А это, наверное, "йог". Говорит вкрадчиво, даже в солнечном сплетении зудит:

- Кали-Юга - это действительно только лишь этап земного круга бытия.

- А если я не желаю слышать об этих антирусских традициях?! - Опять Саша, но уже не так сладко.

- Тогда громко заявите: русские - не арии! Они - чистые негры! Ну? И у русских нет никакой истории, кроме как этой несчастной тысячи лет. У других народов есть, а у русских нету! - "Йог" выпевал звуки.

- Только не надо мне эти ваши дешевые уловки подсовывать. Мы не в метро о вере спорим! Была история праариев, ариев, праславян, славян. А потом только история Руси. Но зато именно Руси! И, конечно, не одна тысяча лет. Только в любом случае я ведь - не древний арий. И с современными индусами у меня ничего общего нет. Я оригинален в своем роде. То есть в своем Роду.

- Это заметно, - встревает Дажнев. - Оригинальность во всем. Это у вас прежде всего - оригинальность! Чем мельче партия, тем больше у нее гонора.

- Вот это тоже не надо! Вам не надо! Стоит ли напоминать, каким путем вы своей массовости в советское время добивались? А сейчас только эту инерцию, а точнее, агонию и эксплуатируете.

- А ты еще нас в балете упрекни!

- Это простим.

- Благодарствуем!

- Можно слово молвить? - Это "йог". - Я очень попрошу всех присутствующих по возможности не "возбуждать улыбку дам огнем нежданных эпиграмм". По возможности, конечно. Юлия Густавовна, вас не обескуражит, если я сам разложу салаты?

- Э, нет, - вмешался Саша. - Не надо, он какие-нибудь заклинания нашепчет.

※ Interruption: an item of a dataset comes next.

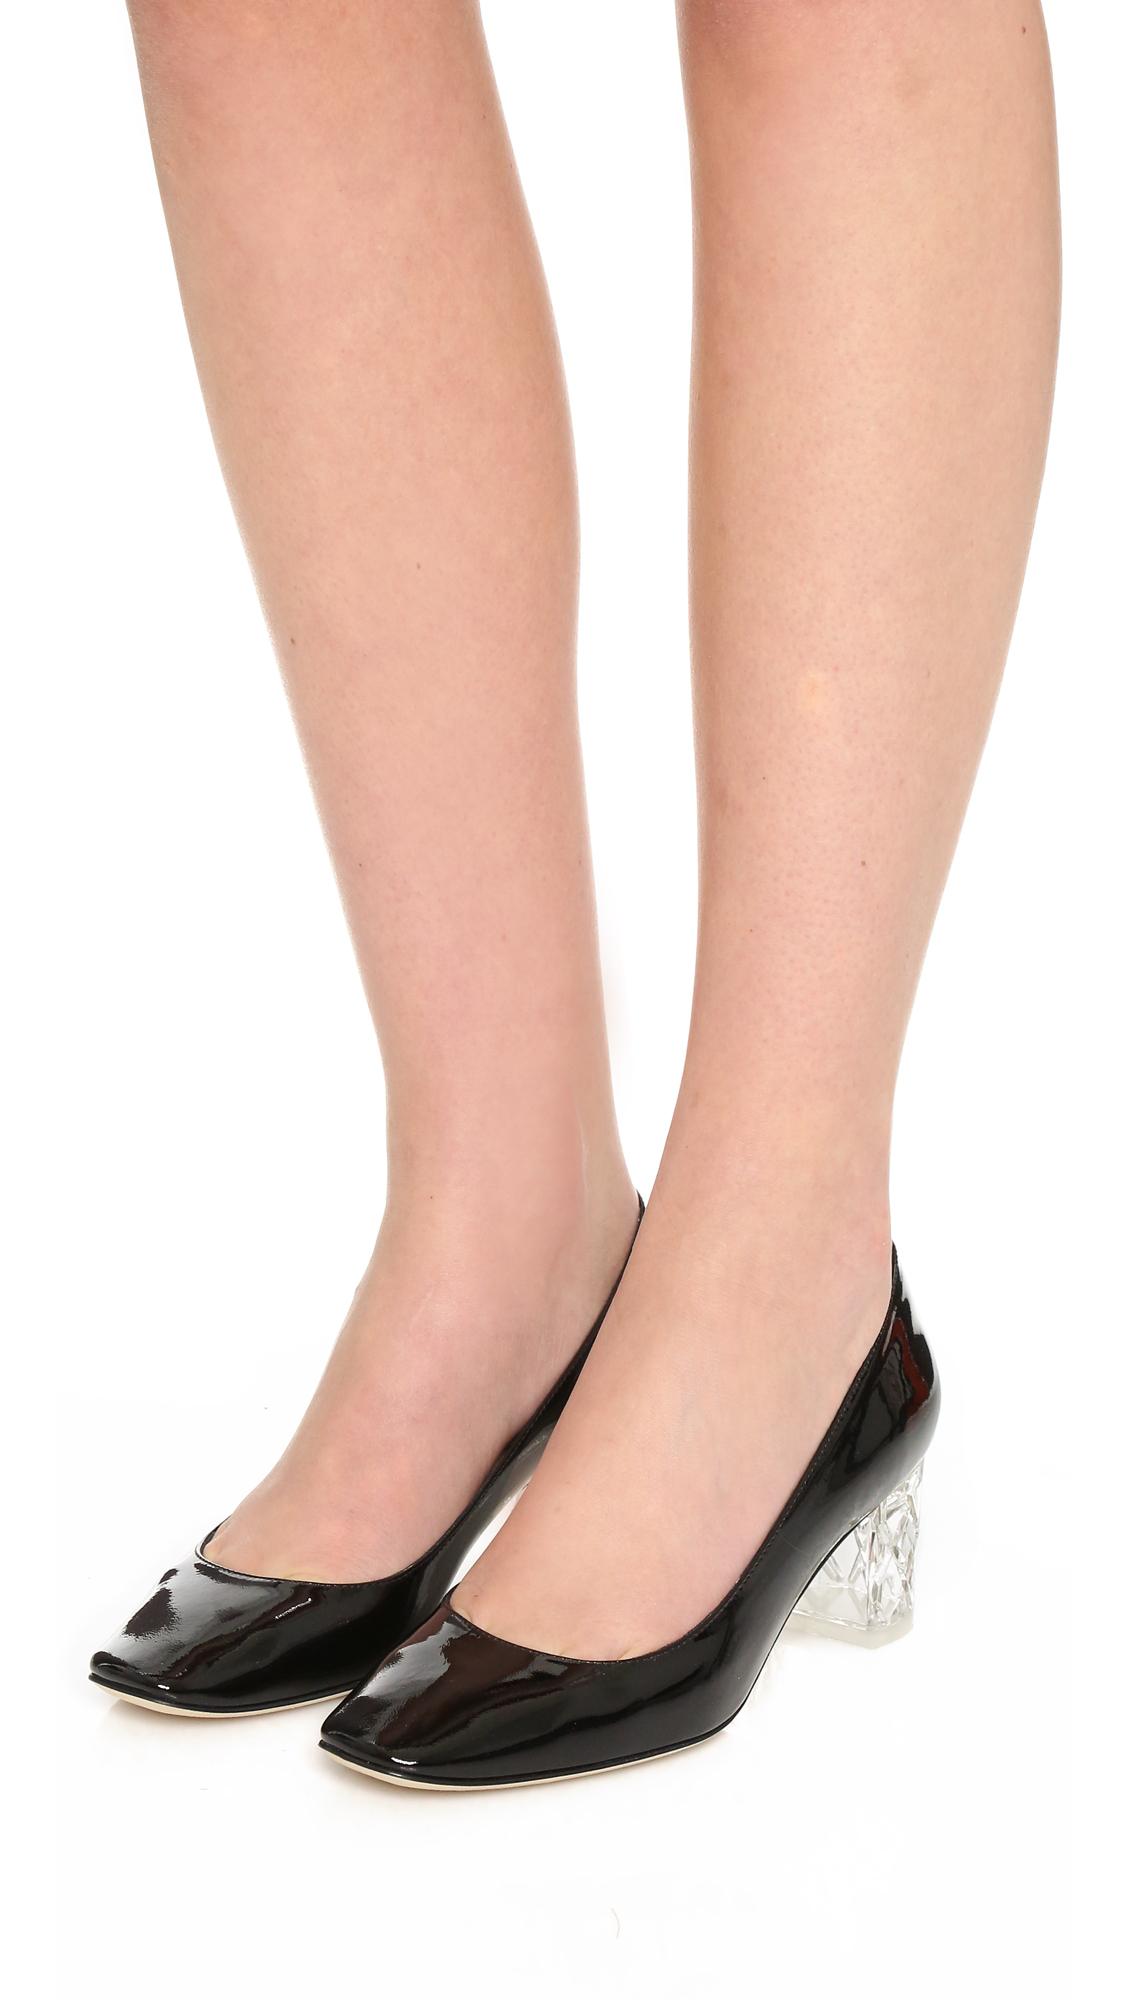 8f0da322233b Lyst - Kate Spade Dawson Too Block Heel Pumps in Black
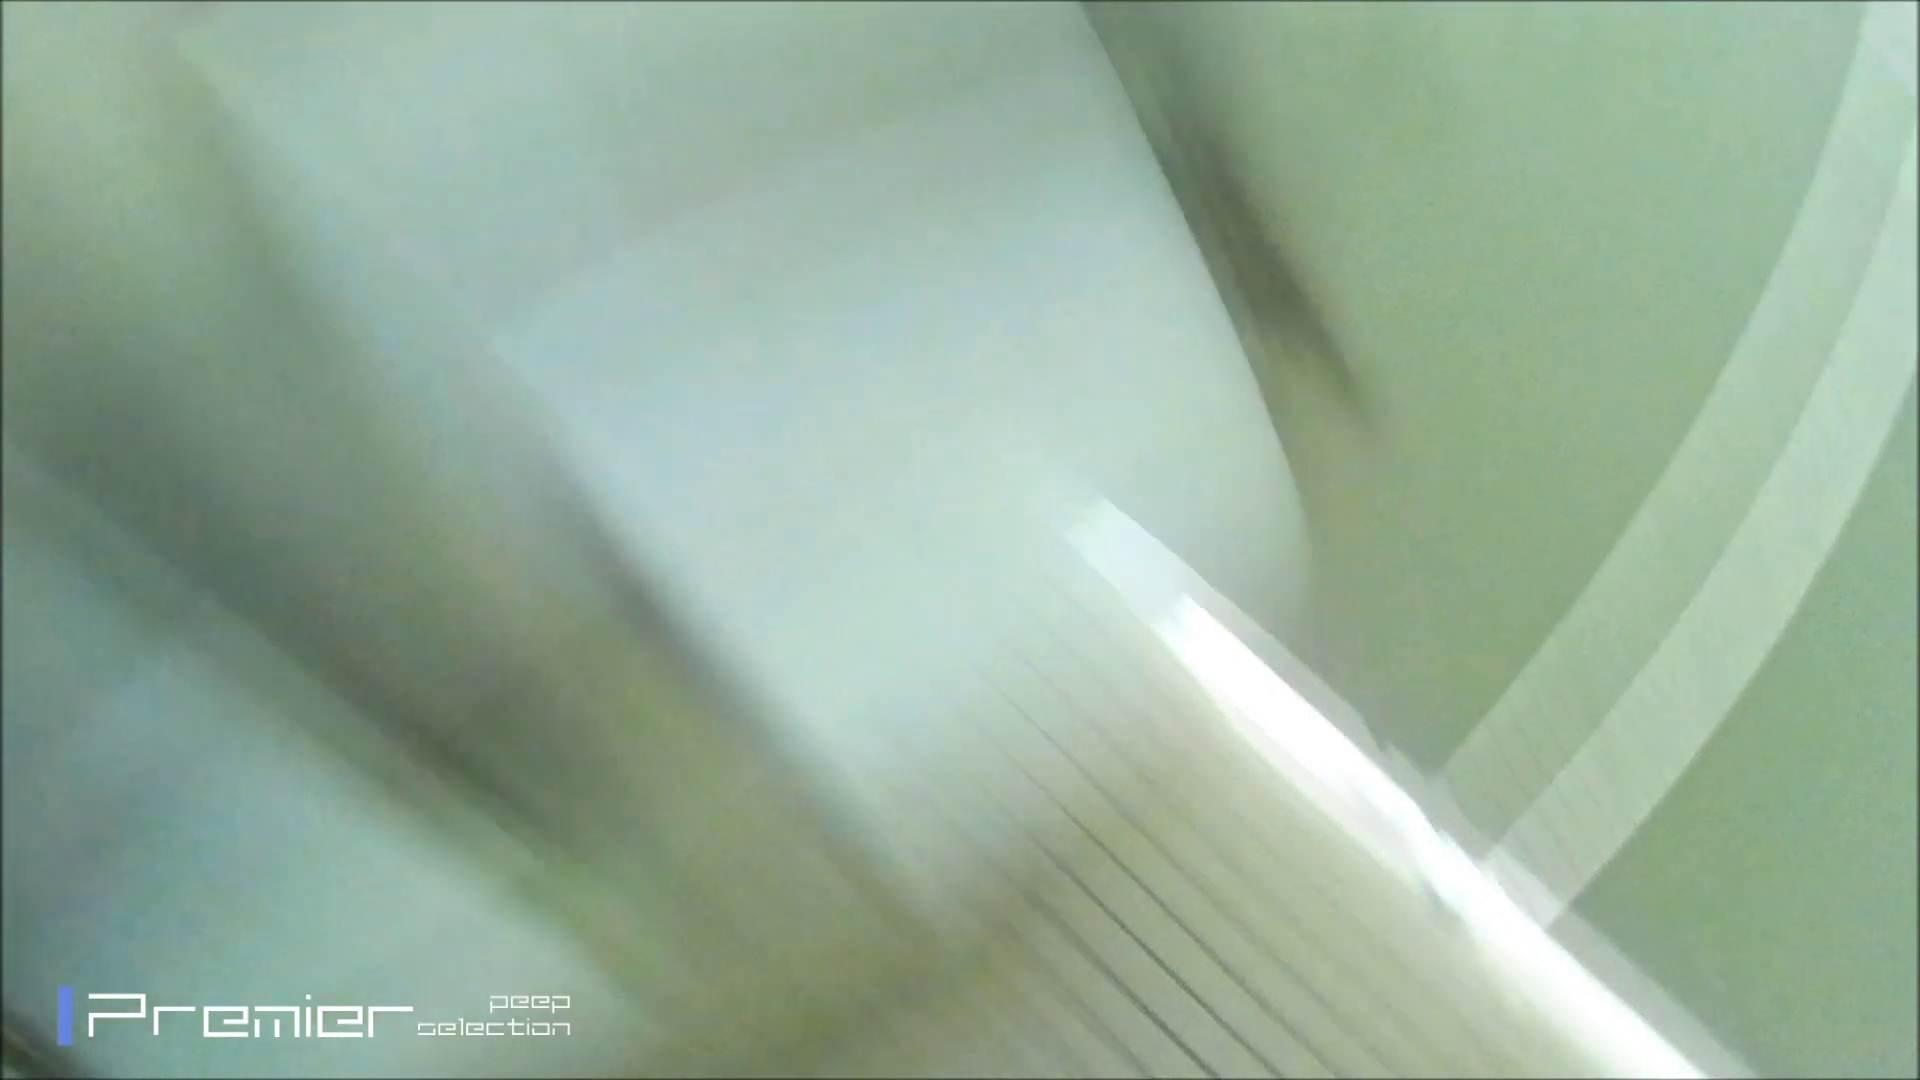 FHD激カワ!激やば! 復讐のトイレ盗撮 Vol.03 高画質動画 エロ画像 28画像 21

- А вы - перекрестите. Тогда, говорят, ничего не случается? - "Йог" хихикал. - Так я продолжу, как вы со стороны смотритесь. Вот спор идет: кто кого у руля сменить должен. Спор идет-идет.... А руль пока так болтается. Но! Вы, коммунисты, уверены в своем будущем? Да! А вы, монархисты, тоже ведь уверены в своем будущем? Тоже - да! Вы, коммунисты, любите свою Родину и желаете своему народу только счастья? Конечно! И вы, монархисты, тоже! Вопрос: кто из вас прав в своих видениях будущего - Великая Россия и Могучий Народ? А?

- Сейчас мы услышим самое соломоновое решение!

- Ну... Если так воинственно, то не услышите. Хоть я и произнесу.

- Уж замуж невтерпеж!

- Дорогие товарищи и господа! Мы - на пороге новой эры. Эры России.

- И?..

- Все! Простите, но это все.

- Ну очень умно. - Саша понизил голос, почти зашептал: - Прямо восхитительно. А чем, позвольте спросить, докажете?

- Да-да, аргументируйте! - Ну и словечко же! только у Дажнева и сохранилось.

- Ничем. Ничем. Гарантийных свидетельств - как вы, православные монархисты, - от пророков не имею. И даже не хочу иметь. И научными выкладками, как вот товарищи коммунисты, не пользуюсь... Я просто знаю. Но могу научить и вас - чтобы тоже знали.

- Бред. Я-то, дурак, вслушивался, - забурчал Дажнев. Видимо, отошел.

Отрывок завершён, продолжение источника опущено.